Expression of Malic Enzyme 3 in Breast Cancer and Precancerous Lesions: a Promising Novel Biomarker for Carcinogenesis and Prognosis

Purpose: While malic enzymes 1 (ME1) was correlated with breast cancer progression and prognosis, the association of ME3 (a homologue of ME1) with breast cancer is not known. The aim of this study is to explore the potential of ME3 as a biomarker in breast cancer carcinogenesis and prognosis.Methods: A total of 107 patients confirmed with breast cancer were enrolled. The ME3 expression was evaluated by IHC and correlated with clinicopathological indicators.Results: The ME3 positive immunostaining rate was higher in normal breast tissues and decreased stepwise from normal (97.60%) to usual ductal hyperplasia (91.1%), atypical ductal hyperplasia (64.2%), carcinoma in situ (62.5%) and invasive carcinoma (45.5%).
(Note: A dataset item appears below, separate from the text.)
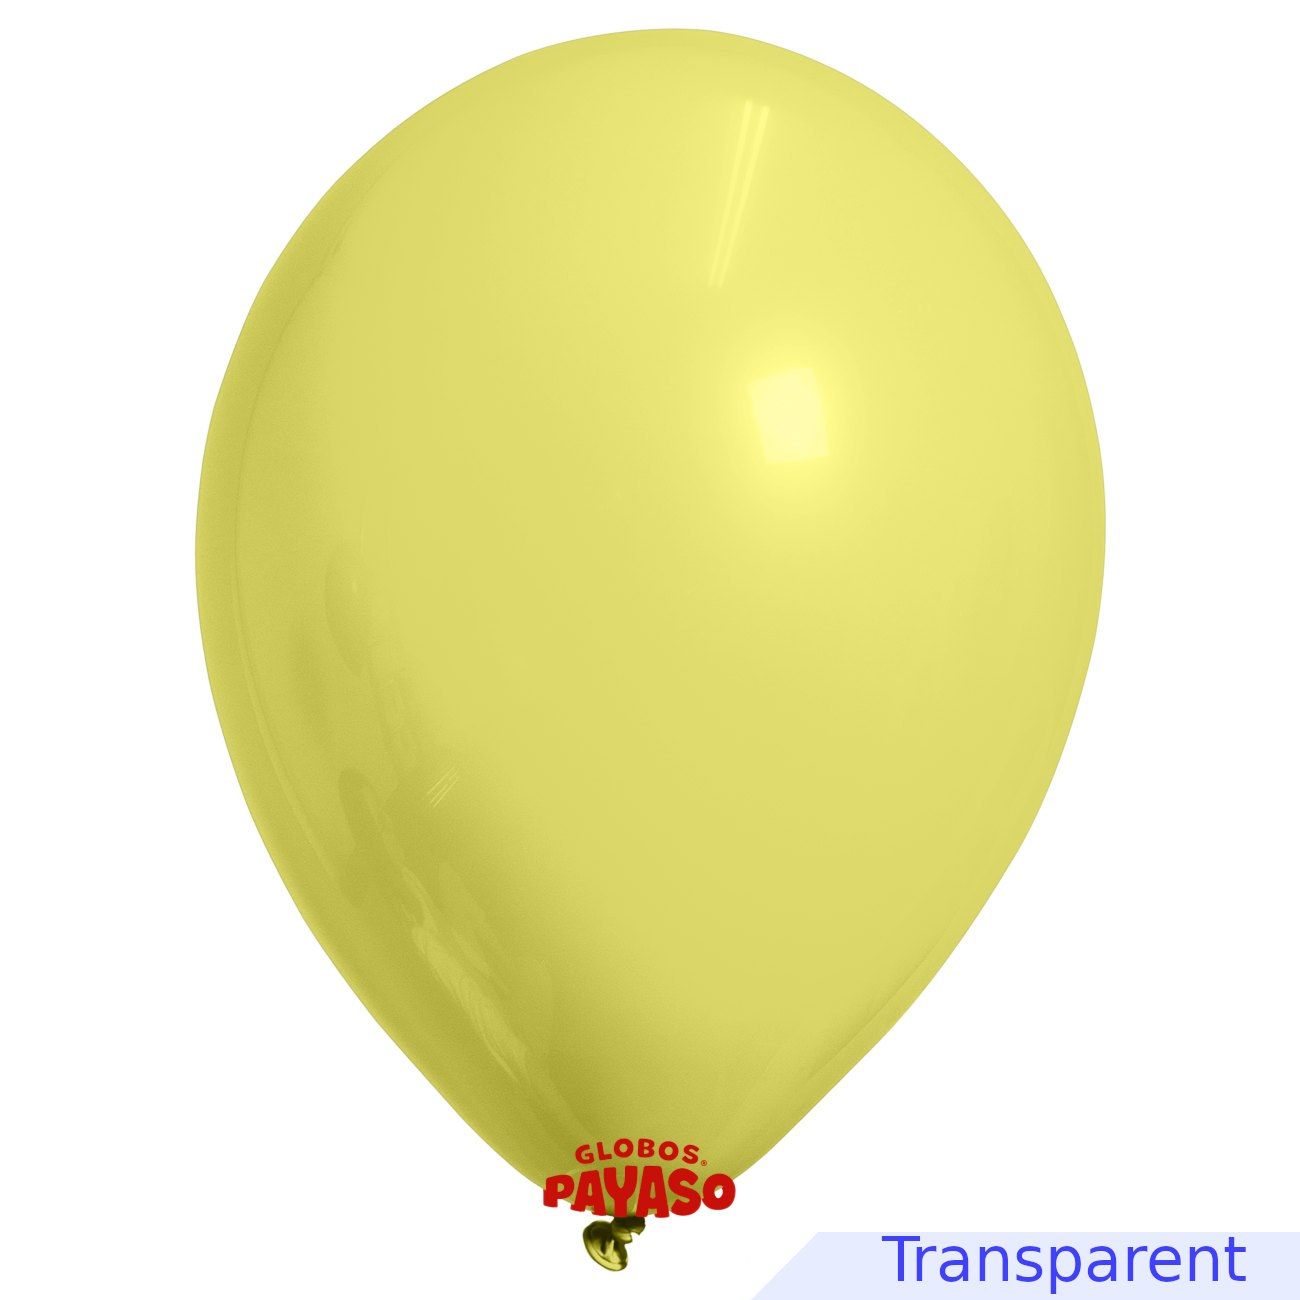 Globos Payaso / Unique 16" Yellow Translucid Decorator Balloon

Similarly, the decreasing tendency was observed for ME3 positive immunostaining rate from Tis (75.0%) through T1 (62.5%) and T2 (37.5%) to T3 (33.3%) and from stag 0 (75.0%) through I (72.0%), II (44.4%) to III (24.1%). ME3 expression was related with negative lymph node metastasis. Patients with positive expression of ME3 had better outcome. By incorporating ME3 into tumor TNM staging, the area under receiver operating characteristic curve for the 5-year survival was increased from 84.0% to 87.5%. Conclusions: ME3 may be a promising biomarker for better prognosis for breast cancer patients.